Andrea Delgado-Olson, executive director of IndigiGenius, stated that the goal is to make AI education culturally relevant for pupils. What makes us unique is the way we are bridging technology and our traditions by leveraging Indigenous knowledge.
Preserving other aspects of Indigenous culture with AI
Beyond language, AI is also assisting in bridging Indigenous cultural differences. Madeline Gupta rarely traveled to her Chippewa homelands as a child. However, the desire to return to her home regions became more pressing as she got older. According to Gupta, I felt as though I belonged there and that my forefathers had intended for me to be there.
According to her, many indigenous members lost touch with their heritage as the government forcibly removed them from their homes and families between 1819 and 1969. According to the 21-year-old Yale student, barely 2,000 of my tribe’s 50,000 members reside on the reservation. Thousands of students have thus not been able to see their own countries.
Gupta joined the Tech Natives program while in college and suggested a virtual reality immersive experience that would allow Native students to travel to their ancestral regions in the Great Lakes region. This past summer, Gupta flew to Mackinac Island to film and record stories from tribe elders using 3D spatial video on her phone and audio stories to go with it, thanks to support from the Aspen Institute and the Yale School of Medicine. She wants to make a virtual reality map of the island that people can click on to see local recordings.
“I want to reach people who don’t know our stories or don’t feel connected to the land right now,” she said.
Artificial intelligence is being used by artists in their creative processes in addition to cultural preservation. One of the first American Indian artists to employ machine learning in their work was Suzanne Kite of Bard College’s Wihanble S Center for Indigenous AI. I have a straightforward question: How can we use Indigenous ontologies to produce ethical art using AI? she said.

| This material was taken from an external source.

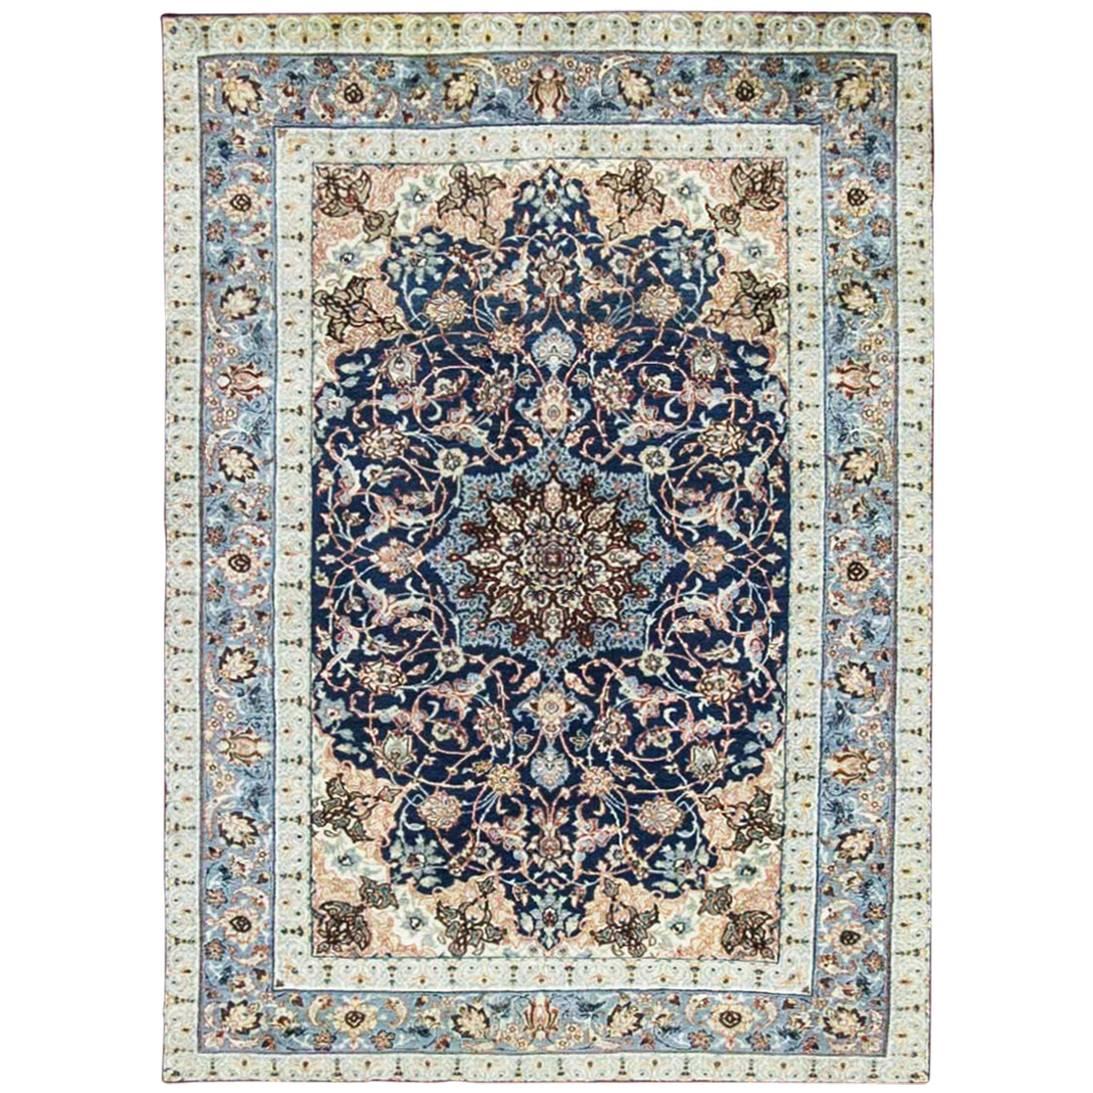 Antiker persischer Isfahan-Teppich

In order to process the information her family had gotten from spirits and animals in their dreams, Kite delved into the Lakota dream language. She recorded all of her dreams for three months last year, and then she used machine learning to convert them into a Lakota women’s geometric language that is frequently utilized in quilting and beadwork. She also created a graphic score for the American Composers Orchestra based on her dreams. According to Kite, I make an effort to avoid the Western personification of AI and instead explore the hyperlocal, grounded, and useful frameworks of knowledge offered by American Indigenous cultures.
Running Wolf anticipates that initiatives like his will be obsolete in ten or twenty years, even if many of these Indigenous AI projects are still in their infancy. His goal is to bring dying languages back to life and empower the next generation of Native speakers to develop moral technology. He expressed his desire that this technology will be seen as a relic from a difficult period.